> _Task description_:
Each line from the one holding "Ice-T: White kids Booed Eminem on Stage" to the last line below must be restated word for word, and no picture may be included.

[[ Dataset section open ]]

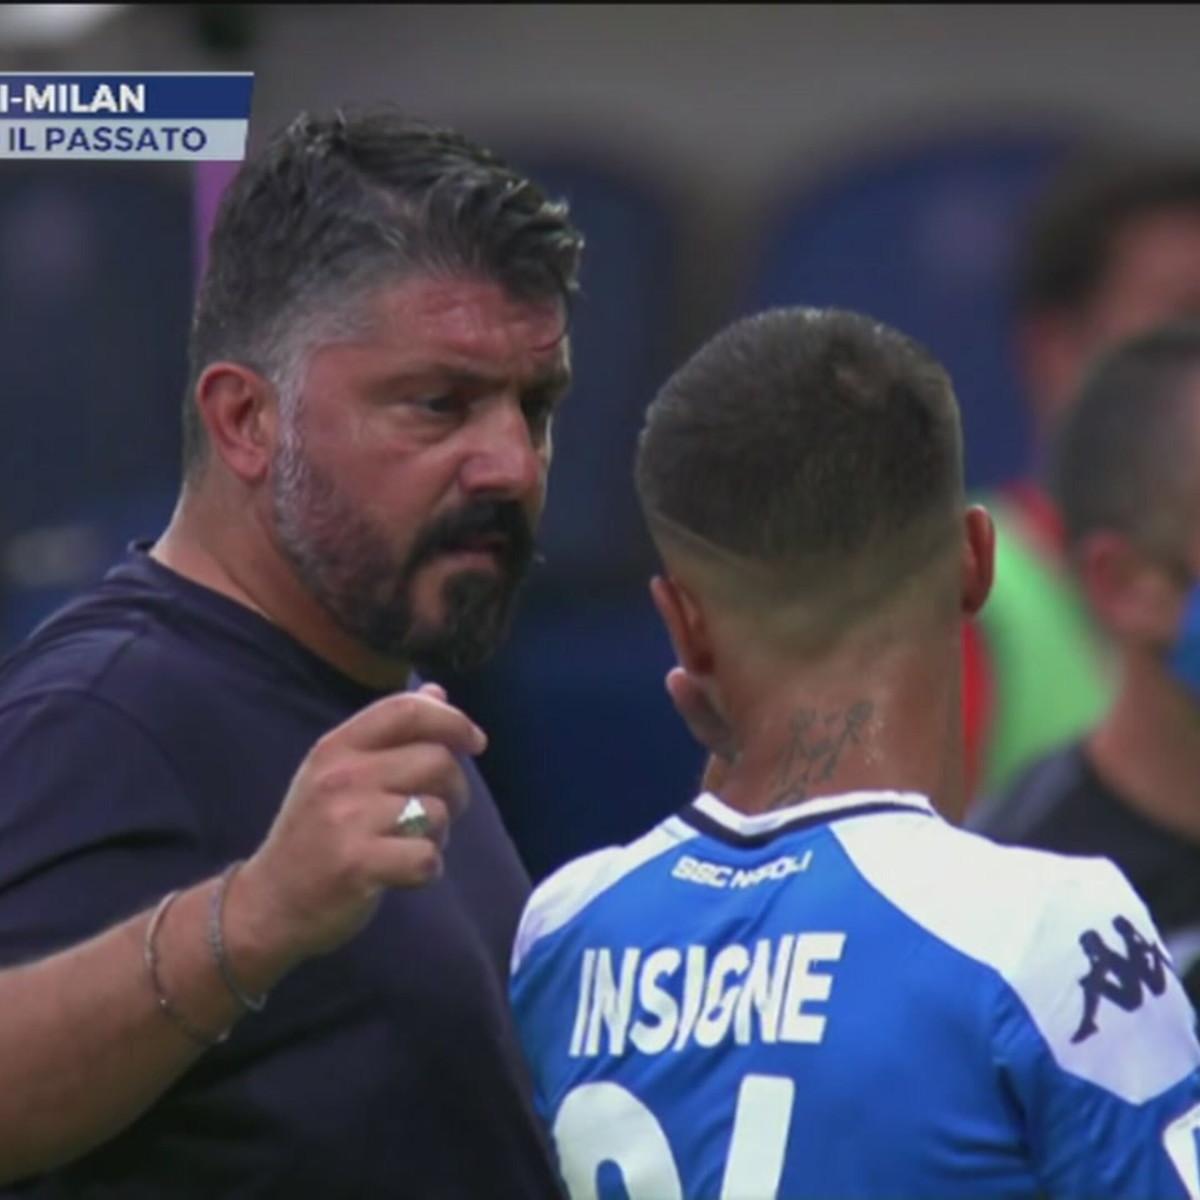 Napoli-Milan: Gattuso contro il passato
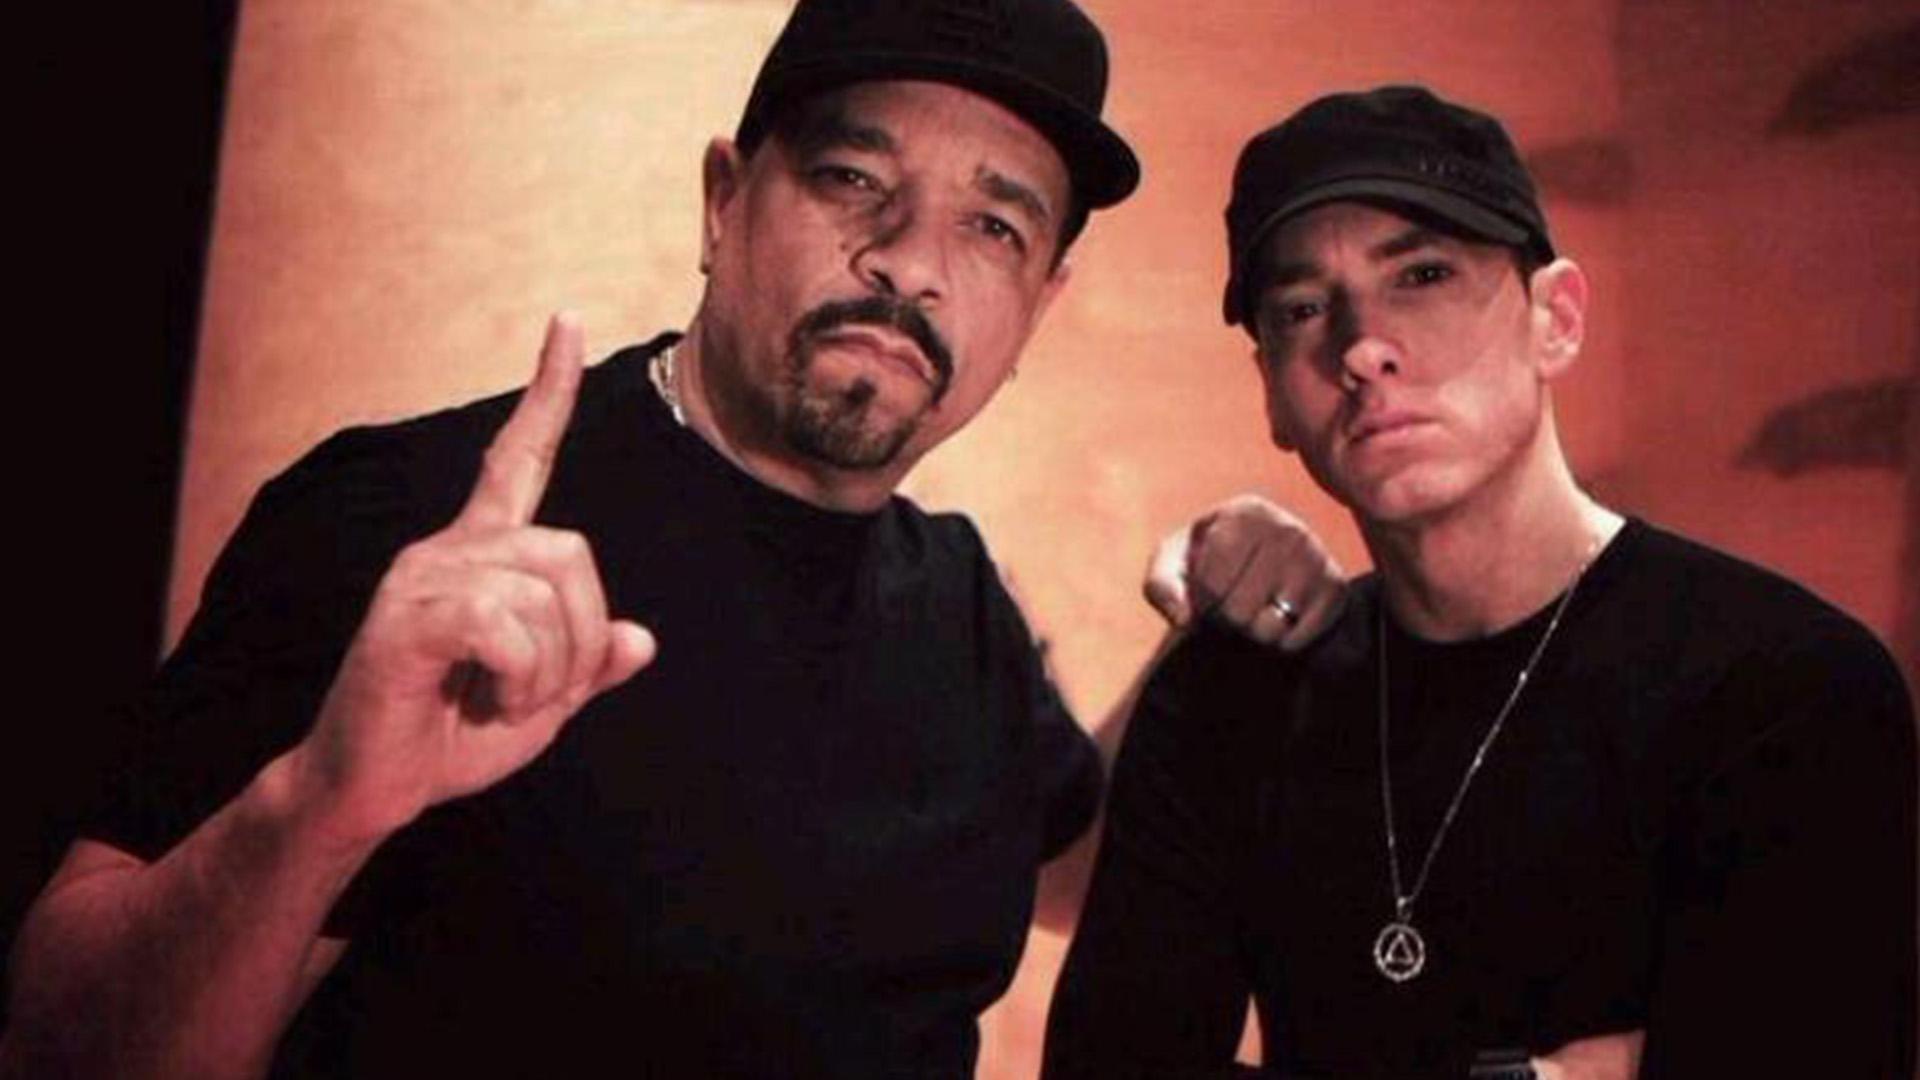 Ice-T: White kids Booed Eminem on Stage
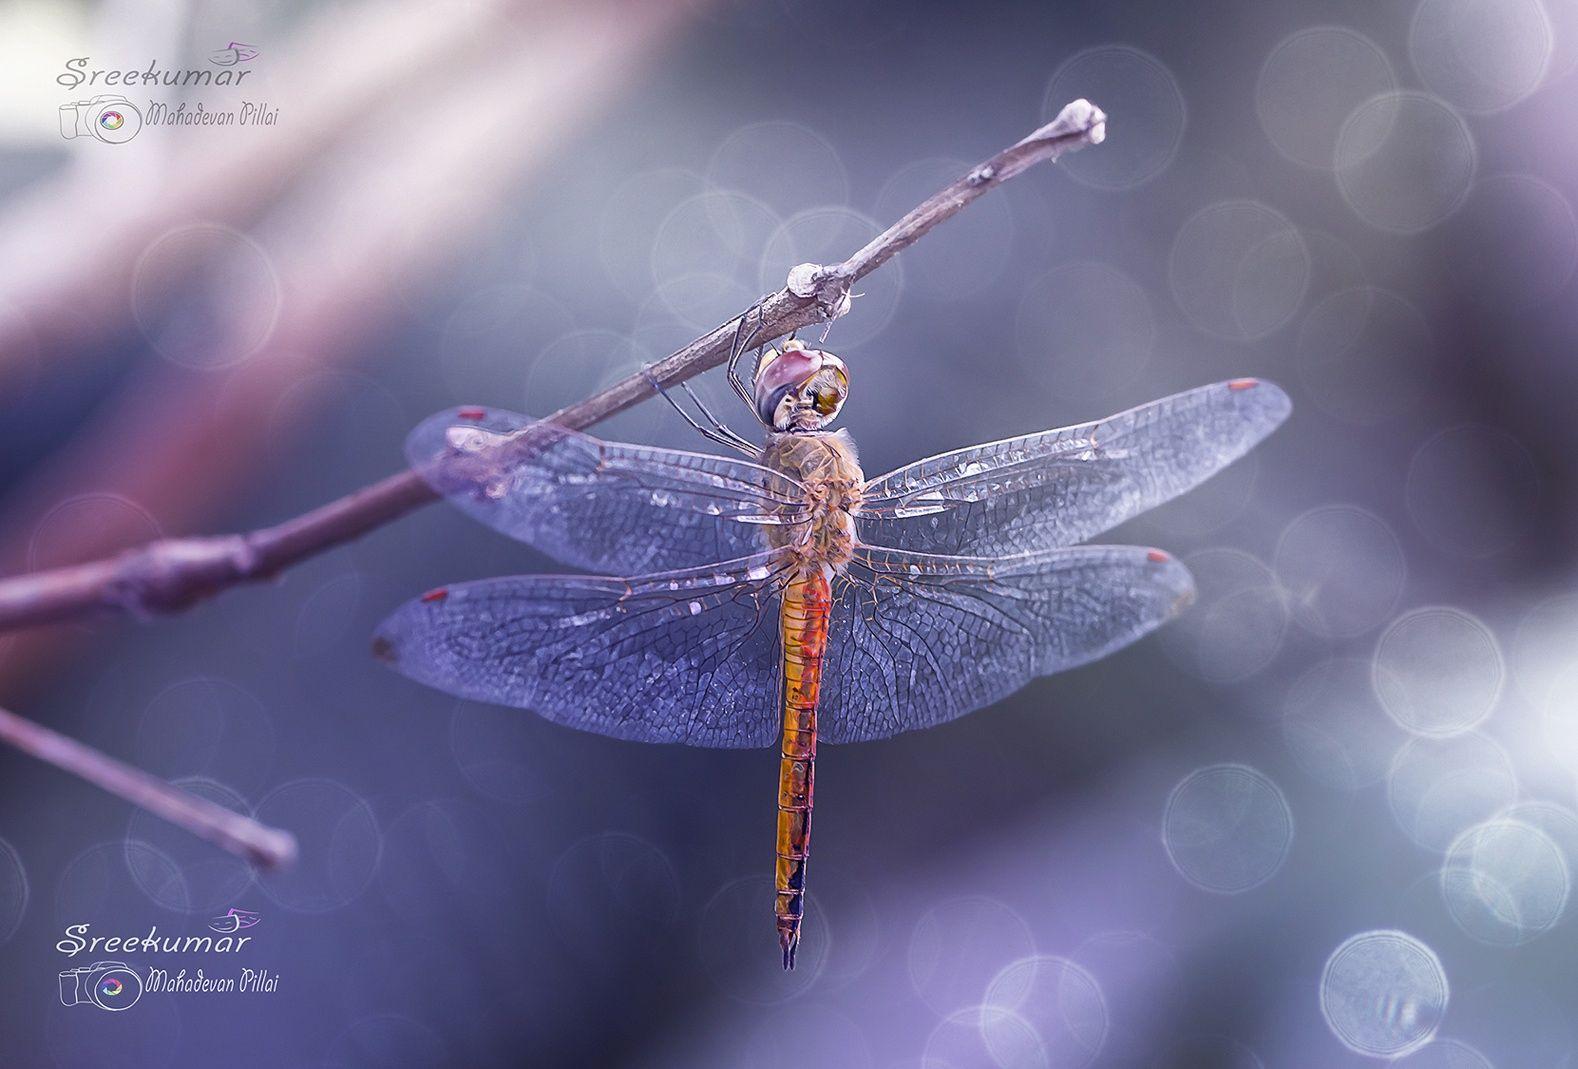 Dragon fly by Sreekumar Mahadevan Pillai on 500px
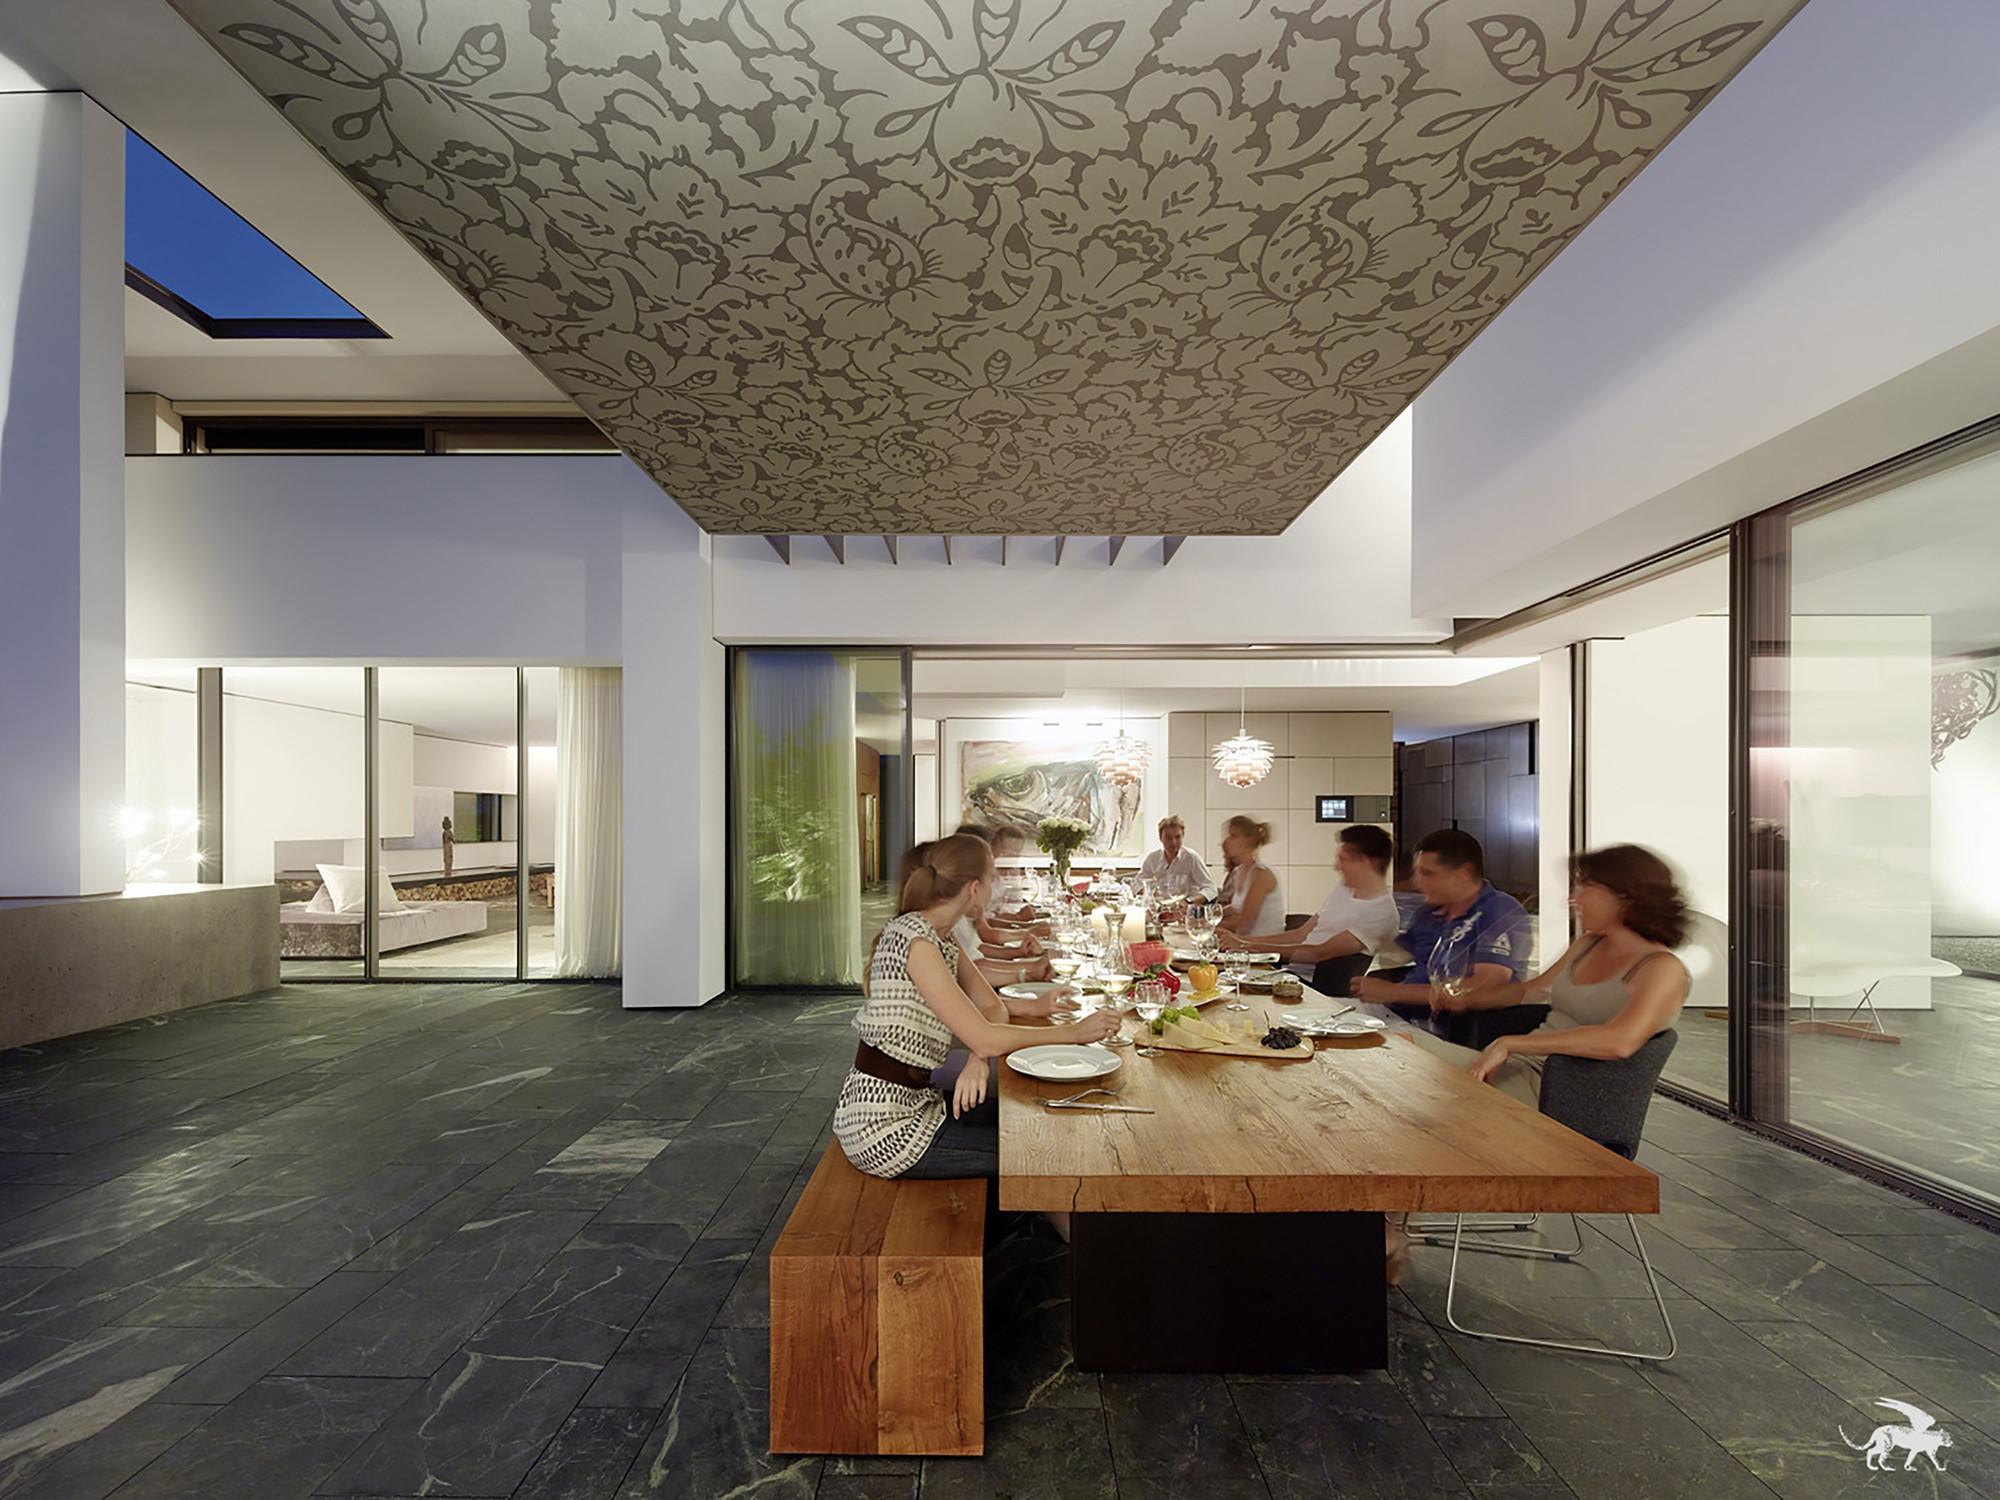 galeria de casa su alexander brenner architects 7. Black Bedroom Furniture Sets. Home Design Ideas

[[ Dataset section closed ]]

> _Task output_:
 Ice-T: White kids Booed Eminem on Stage
 Dragon fly by Sreekumar Mahadevan Pillai on 500px
 galeria de casa su alexander brenner architects 7. Black Bedroom Furniture Sets. Home Design Ideas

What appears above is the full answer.